Air pollution in Europe has decreased since the turn of the millennium but stronger measures are needed.
That’s according to a new report from the European Environment Agency (EEA), which studied air quality trends from 2000 to 2014.
Although the average amount of harmful particulate matter (PM) fell in 75% of monitored locations over the period, it’s still the single largest environmental health hazard on the continent, it states.
The report blames PM for more than 467,000 deaths a year and Nitrogen Dioxide for 71,000 deaths a year.
In 2014, 85% of the urban population was still exposed to PM levels deemed harmful to health by the World Health Organisation (WHO).
Around 7% of people were still exposed to harmful Nitrogen Dioxide levels – 94% of this coming from traffic, it adds.
Ammonia emissions from agriculture and PM emissions from household coal and wood burning didn’t significantly change over the 14 years studied, suggesting increased public guidance and government measures need to be implemented.

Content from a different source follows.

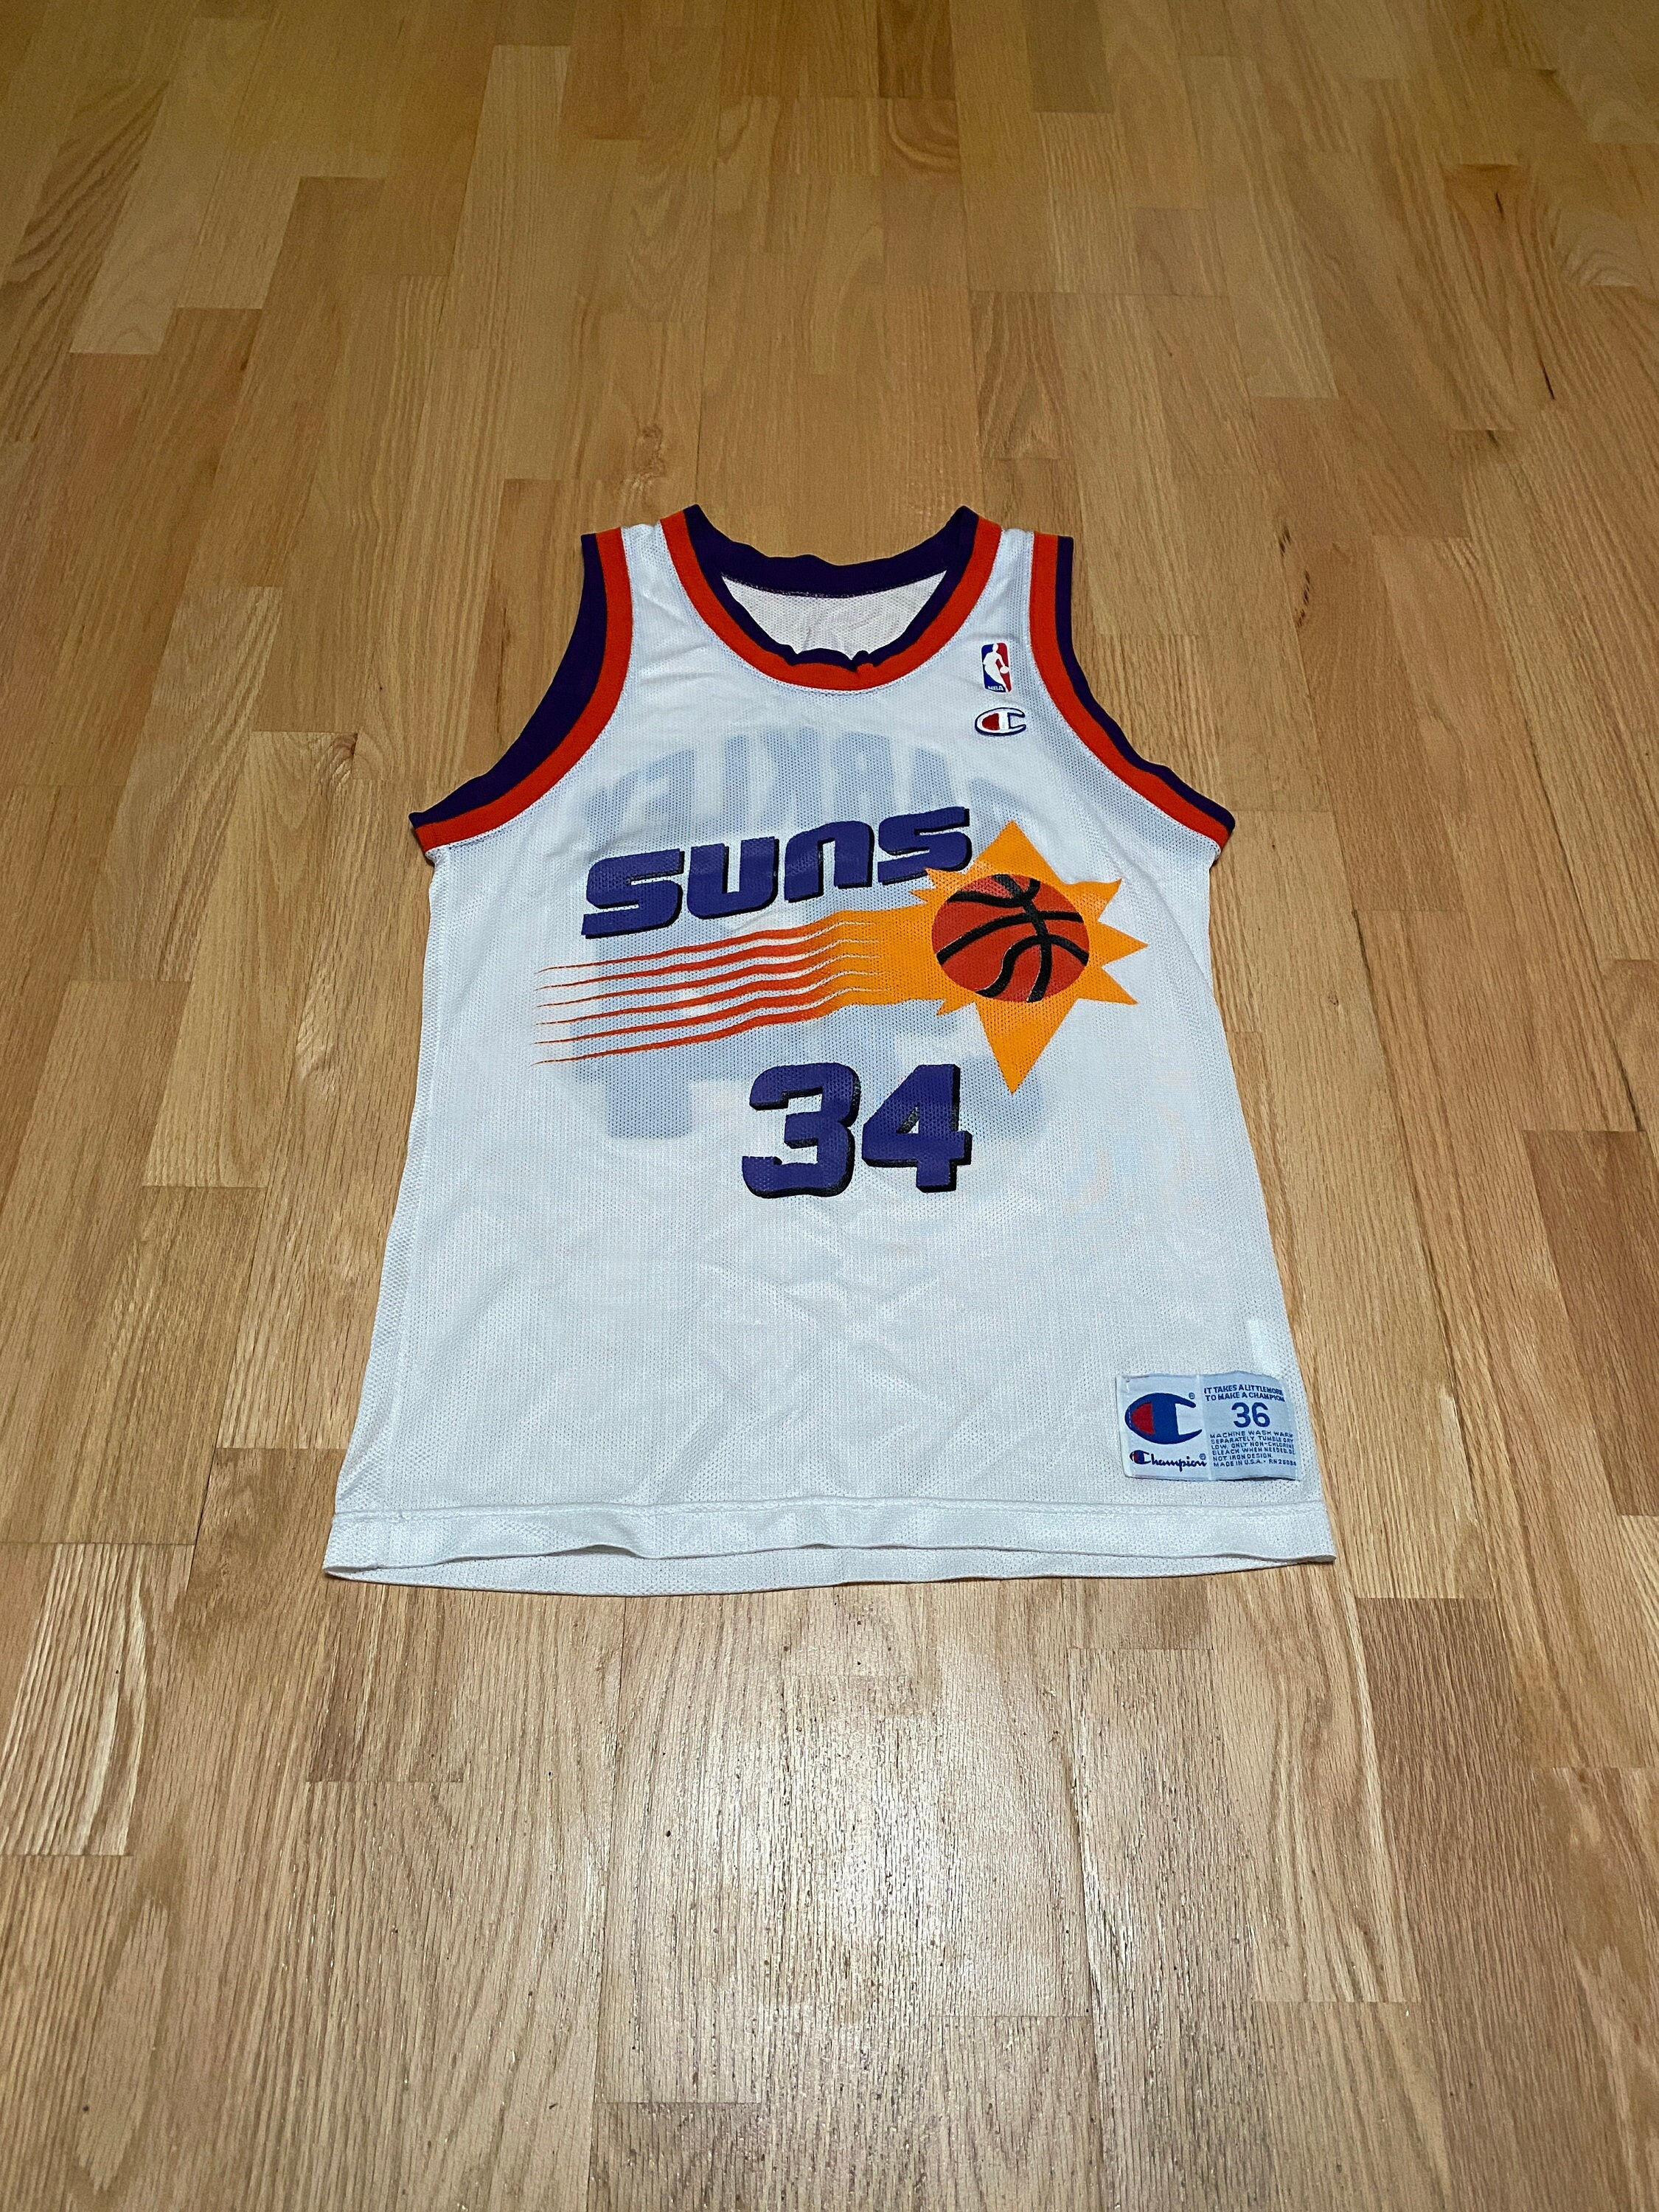 NBA Phoenix Suns Basketball Charles Barkley 34 Jersey - Champion

EEA Executive Director Hans Bruyninckx said: “Emission reductions have led to improvements in air quality in Europe but not enough to avoid unacceptable damage to human health and the environment.
“We need to tackle the root causes of air pollution, which calls for a fundamental and innovative transformation of our mobility, energy and food systems. This process of change requires action from us all, including public authorities, businesses, citizens and research community.”